Safe Lifting in the Workplace

Safe Lifting in the Workplace

Despite a litany of possible safety issues, the leading cause of workplace injury is unsafe lifting and such injuries can be particularly troubling because it can be difficult to treat.

As a matter of fact, the Bureau of Labor Statistics reported that more than 36 percent of injuries involving missed workdays were the result of shoulder and back injuries.   Lifting something improperly can cause a back to spasm, which is extremely painful. In some cases, however, there is little that can be done to fix the problem quickly and doctors often prescribe rest and pain killers, which can cause employees to miss a lot of work. 

An item doesn’t have to be a particularly heavy object to cause serious injuries, although the weight of an item can certainly increase the risk. 
Training employees to use smart lifting practices will result in them less likely to suffer from back sprains, muscle pulls, wrist injuries, elbow injuries, spinal injuries and other injuries caused by lifting heavy, awkward objects. 

Prevention is the optimal way to deal with lifting-related back injuries.  Establishing a standard set of rules regarding lifting will keep your employees safer and can help dramatically reduce the number of such injuries.  Informing and educating your employees about the real risks of unsafe lifting also will encourage employees to give a situation a second thought, rather then make an unwise decisions. 

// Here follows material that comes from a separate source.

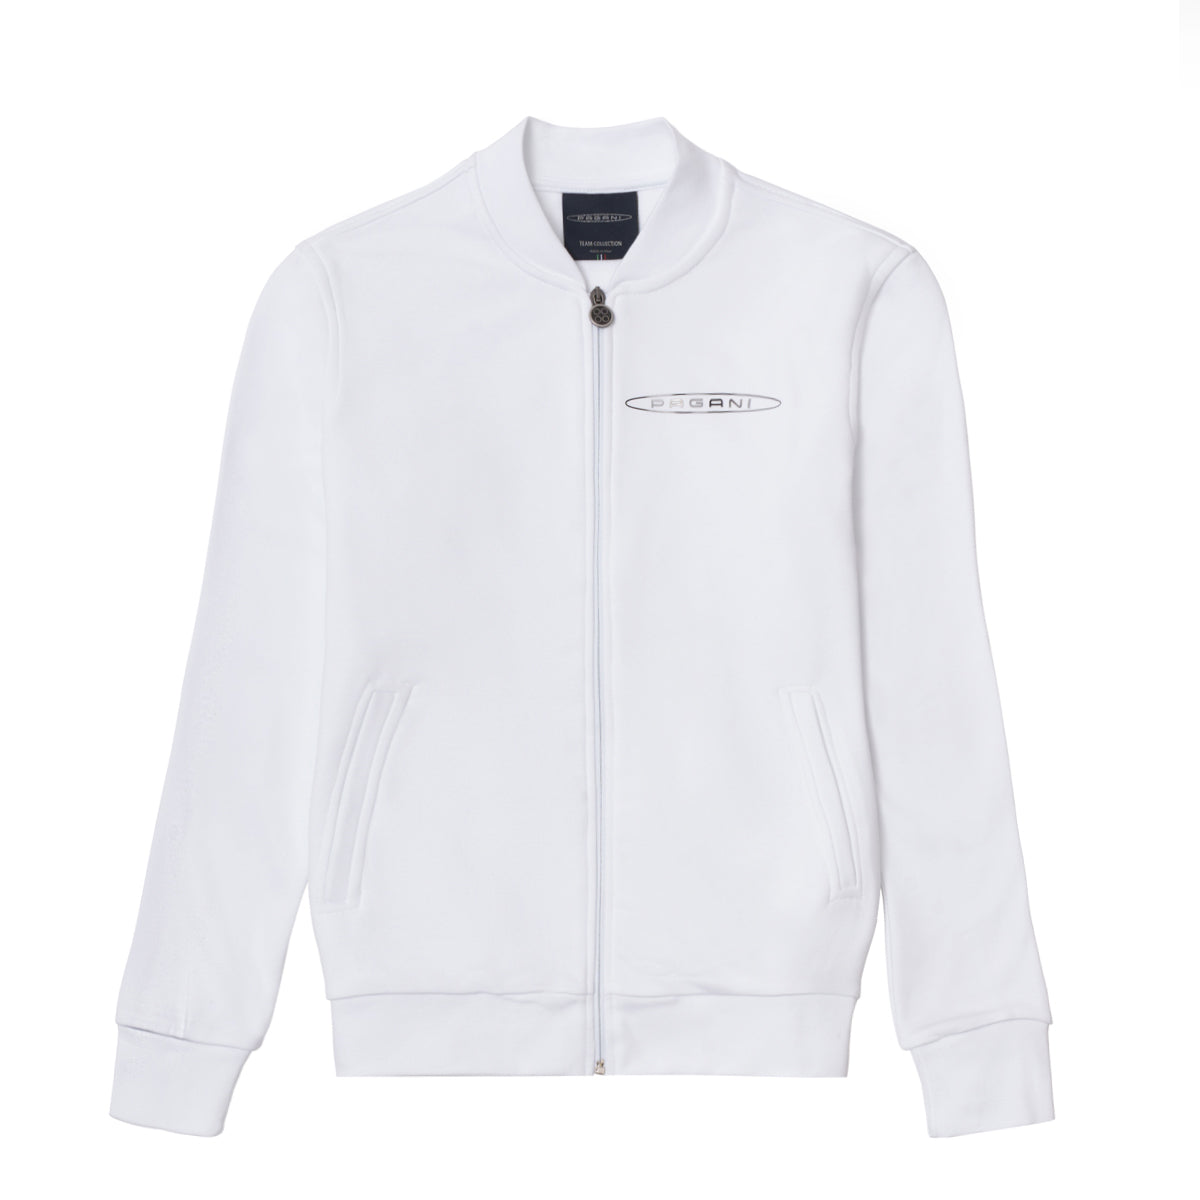 Herren-Basic-Sweatshirt Mit Durchgehendem Reissverschluss Weiß | Team Collection
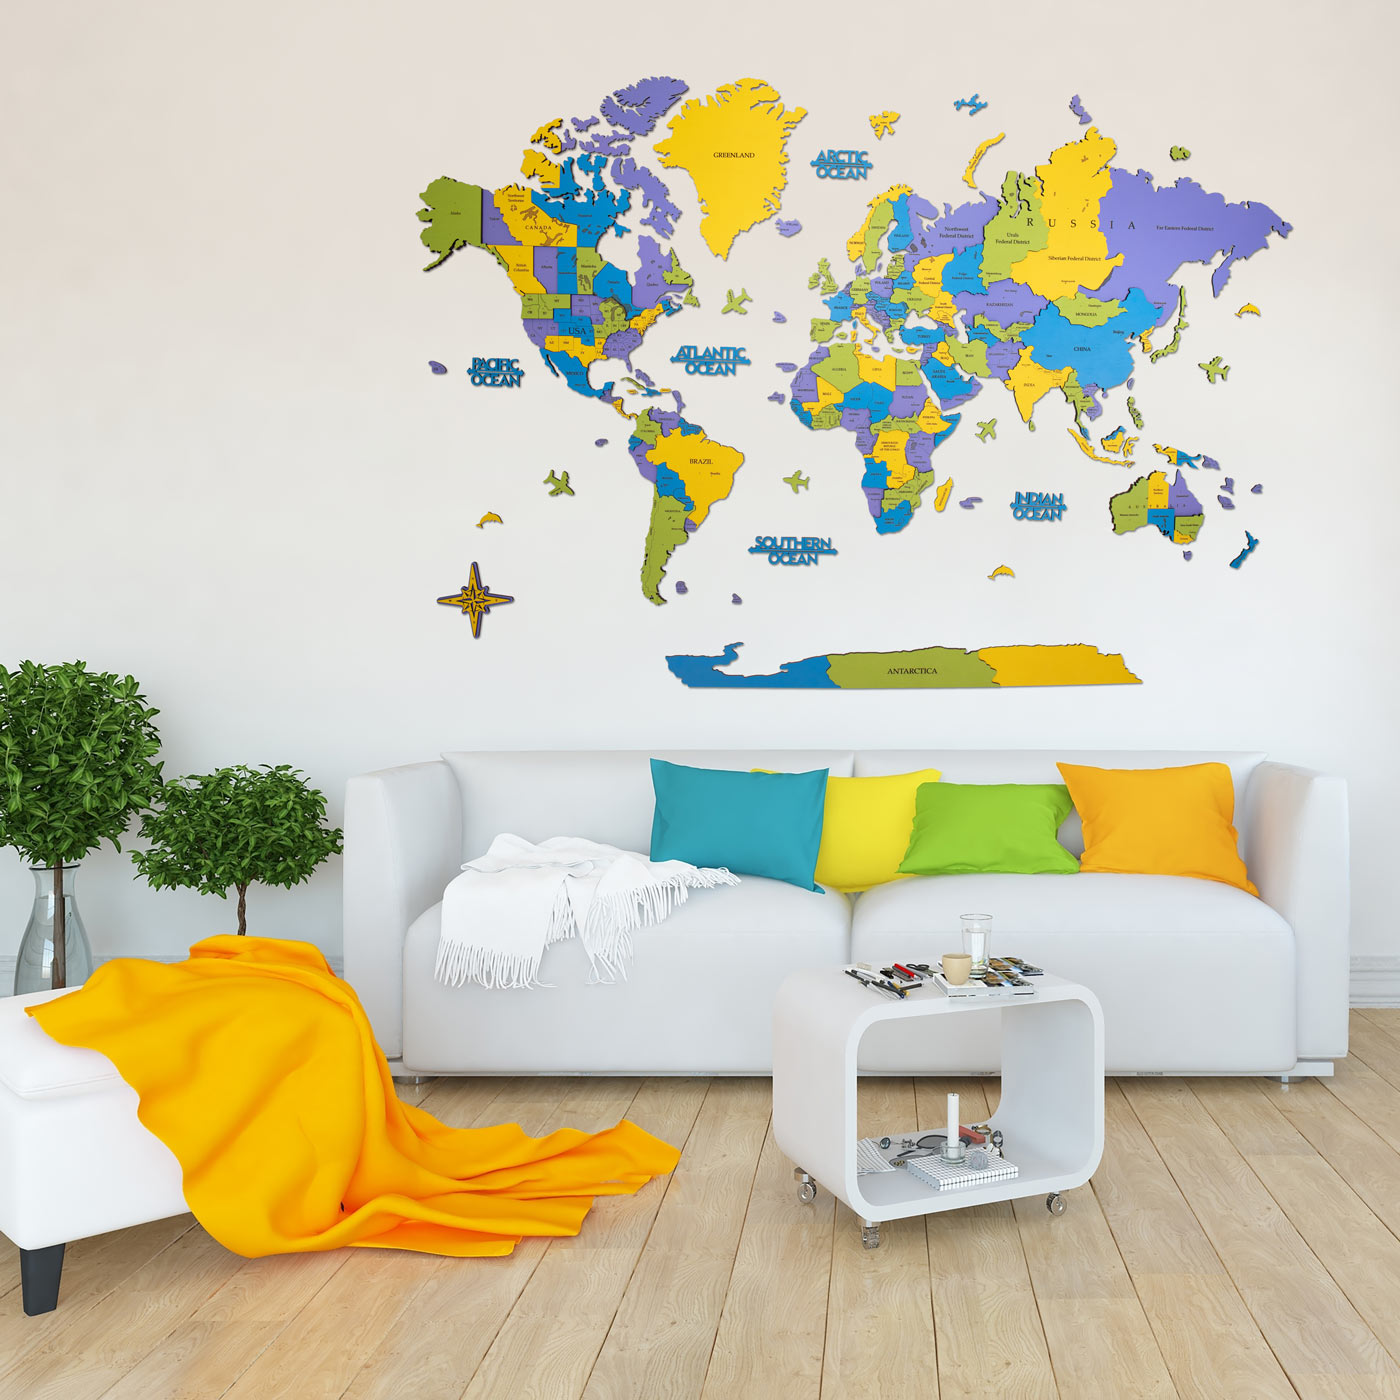 Τρισδιάστατος ξύλινος παγκόσμιος χάρτης. Ξύλινη διακόσμηση τοίχου. Πολύχρωμος παγκόσμιος χάρτης για παιδιά. Ksilart

Safe lifting techniques should be stressed by all workplaces, but are commonly overlooked. Most people just want to finish the job quickly, even if that means moving heavy objects in unsafe ways.

A few ways to help encourage safe lifting techniques may be to start each day off with a stretching program to help acclimate the body or to post signage around your location reminding your employees to lift safely.  Even if your employees don’t lift heavy objects often at work, they are still susceptible to an injury, and can strain their back lifting something as light as a screwdriver if not careful.

With proper safety training and the use of these safe lifting techniques, employees should be able to greatly reduce the risk of back and lifting injuries.

•Before lifting, assess what it is you are lifting and where it is going. Recognize how heavy the object is and determine if you can lift it by yourself. Never hesitate to ask for help if it is too heavy.

•Make sure to check the pathway you are taking to your final destination. There should not be any trip hazards or debris in your path.

•To safely lift the object, get as close to the object as possible. This will create more leverage for you and less strain on your muscles.

•Next, position your feet shoulder-width apart and angle one foot slightly forward for better balance.

•When you bend down for the object, keep your back straight and use your legs and hips to lower yourself to the object. Never bend at the waist because this will cause immediate strain on your lower back. 

•As you bend down to pick up the object, use the hand of the leg that is angled forward and place it on the side of the object furthest from you.

•After you have a firm, comfortable grip, tighten your core and focus on keeping a straight back as you lift the object with your legs and hips. Looking forward will help keep your back straight and extend your legs. Always remember to keep the object close to your body.

The following are some ways you, as an employer, can reduce the number of accidents that occur at your location because of lifting:

  • Provide Lifting Gear – When lifting use lifting straps, which provide increased control and support when lifting large or oddly shaped objects.
  • Proper Lifting Techniques – Training employees on how they should lift to minimize the risk of injury is essential. Employees should know they need to lift with their legs and not their backs. Show a training DVD such as Back Injury Safety to provide tips and lifting techniques to help avoid back injuries.
  • Clearly Label the Weight of Items – If something is going to be lifted, it should be clearly marked with how much it weighs. An industrial label maker can be a great tool to help label weights. Labeling weights will help an employee decide whether to lift it on their own, get help or even use a dolly or mechanical lifting machine.
  • Have Dollies Available – Dollies are an excellent way to move most objects around without putting employees at risk. This is perfect for boxes or many other common items. By putting the loading tray under the items and tilting the dolly back, employees can lift extremely heavy items with minimal risk.
  • Require Proper Lifting Decisions – Make sure everyone in the facility knows that items over a certain weight require two or more people to lift them, or require the use of a dolly or forklift. Even if someone thinks they can lift a heavy item on their own, it is best not to take the chance. Having a policy that requires people to take safety seriously can often prevent a lot of workplace injuries.